Shoes Full of Tacks – ex-slave story from Lee County, Alabama

SHOES FULL OF TACKS

Interview of George Chambers

by

Preston Klein

Lee County

Ex-slave story

written 10/7/371

“Uncle George” (George Chambers) was hoeing in his little garden when I went to his house and said he was glad to sit down and talk to me for he was tired and hot. Uncle George is very feeble and can’t hold out long at the time.


“Yes’am, I’se gittin’ er’ long now, I’se eighty-three,” he said. “I was born seven miles below Salem, Alabama on March

25, 1854. My maw and paw was Violet and Abraham Chambers. Dey b’longed ter Mr. Abraham Chambers ub Motts Mill, south er us. I had one sister Mary and one brother George to live. My Gran’pa belonged to Mr. Tommie Ward, eight miles from us.

“I was big enough to hoe cotton and de garden. I drive cows and calves in slavery time and fotch water.

Lee County, Alabama

Who got there first

“Massa’s house was a fine big white one, wid a long hall and four big rooms. Hit was weather-boarded but uses houses was a one-room log cabin wid de bed alongside de wall. Ever’ body cooked on de fireplaces den, wan’t no stoves.

Typical fireplace in Old Slave House 1935 by photographer Alex Bush (Library of Congress)

“My old Mistess got a big pan put in de yard with potlicker and ash-cake and us got ‘roun’ hit and et and hit was “who shall, and who shan’t, who got dare fust.”
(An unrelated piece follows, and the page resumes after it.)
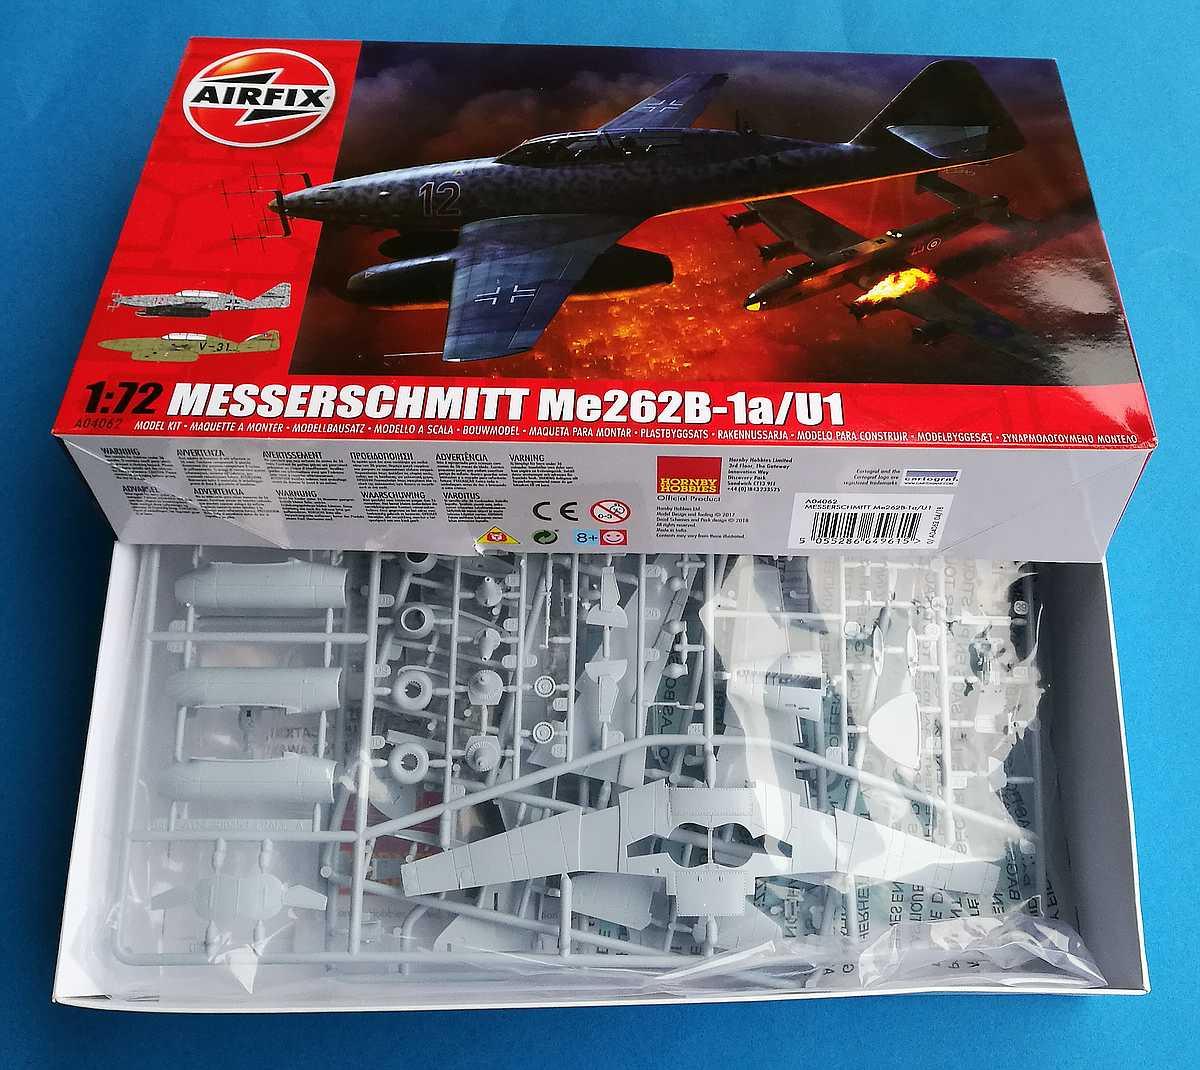 Airfix-A04062-Messerschmitt-Me-262-B-1a-10 Messerschmitt Me 262 B-1a im Maßstab 1:72 von Airfix A04062
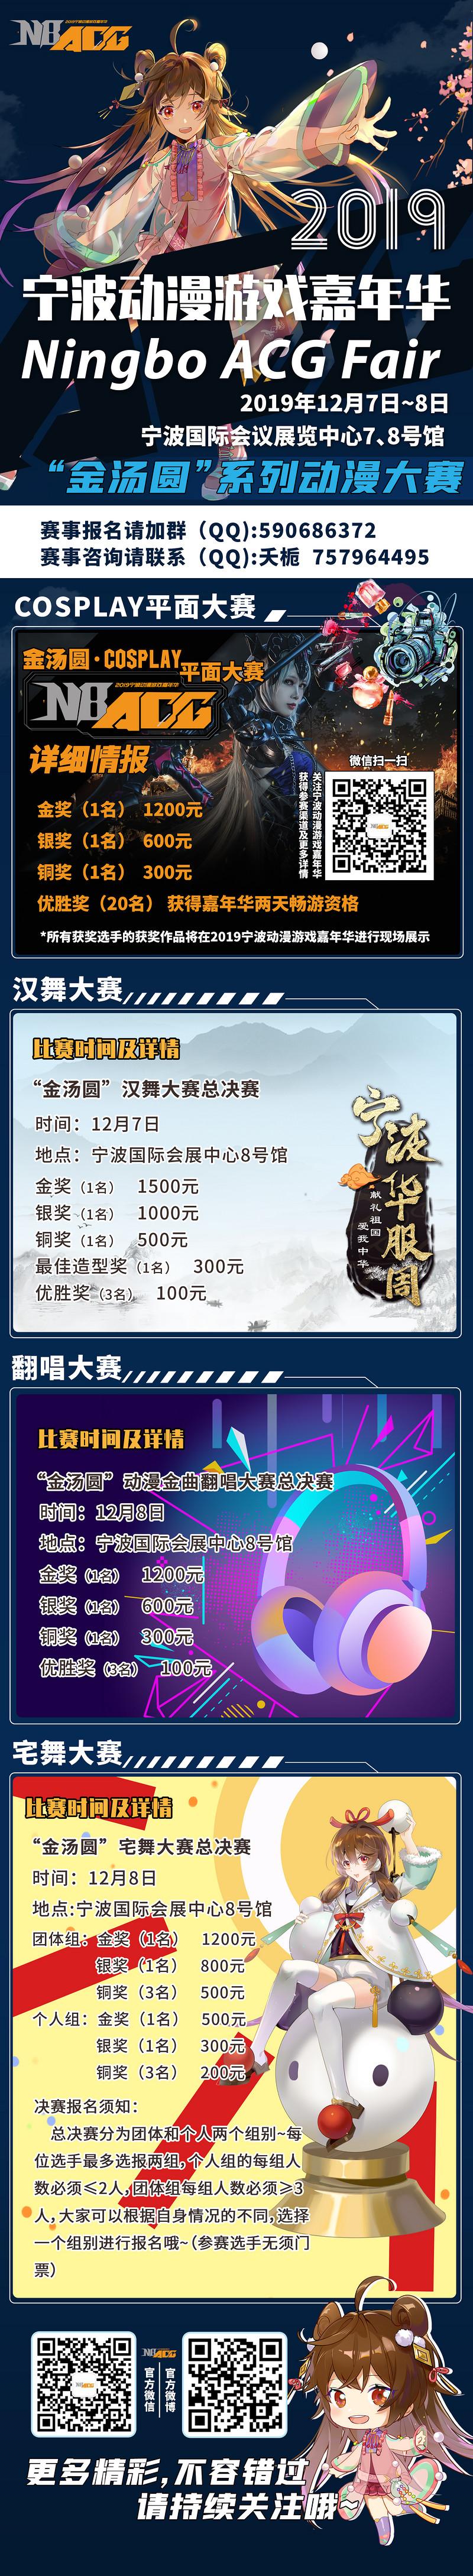 2019宁波动漫游戏嘉年华来啦!-C3动漫网

Us was called shirt-tale fellows and dey was made at home and hung below our knees, outer orsanburg. Us had shoemakers too what killed cows and tanned de leather and when de seven months crop was laid by, de shoemaker made a pair shoes around. Fust I ever had was just as full of tacks and pegs as could be, but I had to have dem shoes, I was so skeered somebody’d show git ’em of you left dem out, so I slept wid dem.

Patrollers’d show git you iffen you was bad, but I could always run lak a rabbit.”

Night Frolics and Jubilee

“Marse Johnnie Rullerford died two years ‘fore de war started, but us lived wid Miss Lucy still. They had one boy to go to war. T’other chillun was, Elizabeth, Candy, Ida, Mattie, Hun, and Johnnie. Us had a colored man for overseer and a mighty nice feller but a hour by sun us was in de field.

“Learn to read? Honey, you better read and write dem cotton rows. Us went to Concord to church in de evening, and Brother Scott Wade was de preacher.

“Whoopee, didn’t us have good Sa’dd’y night frolics and jubilees. Some clap and some play de fiddle, and man, dey danced most all night. Cornshucking was ‘nother big frolic. Pile corn high as a small house and have a jug of licker at each corner, and didn’t dey pull dat pile of corn down and holler “Gallanip-er-horsefly and whoop it, whoo-ooo, whoo-oo,” and couldn’t dey holler hit.

“Young Massa had a big wedding ‘fore us left. Iffen any of de slaves’d die, dey would have a big settin’ up party and sing and pray and nounce benedictions, bury dem and go on.

“De little niggers all had big times. Dey played marbles, and, “Almost home so dey say, so dey say;”

“Swing Charlie.” Iffen dey got sick dey used goat seed, a piece of gourd, buck-eye, oil, turpentine, and lobelia. Iffen dey was very sick got Dr. Floyd.

In the swamp with the horses

“De Yankees come and us heard de big guns way in Columbus, Ga. And seed de fire on Sunday night. I was on de swamp wid ‘leven head of horses and some of Mistress’ fine things from de house. Us worked two or three years ‘fore dey told us we was free. Den dey giv’ us a little money or so much crop and us stayed on.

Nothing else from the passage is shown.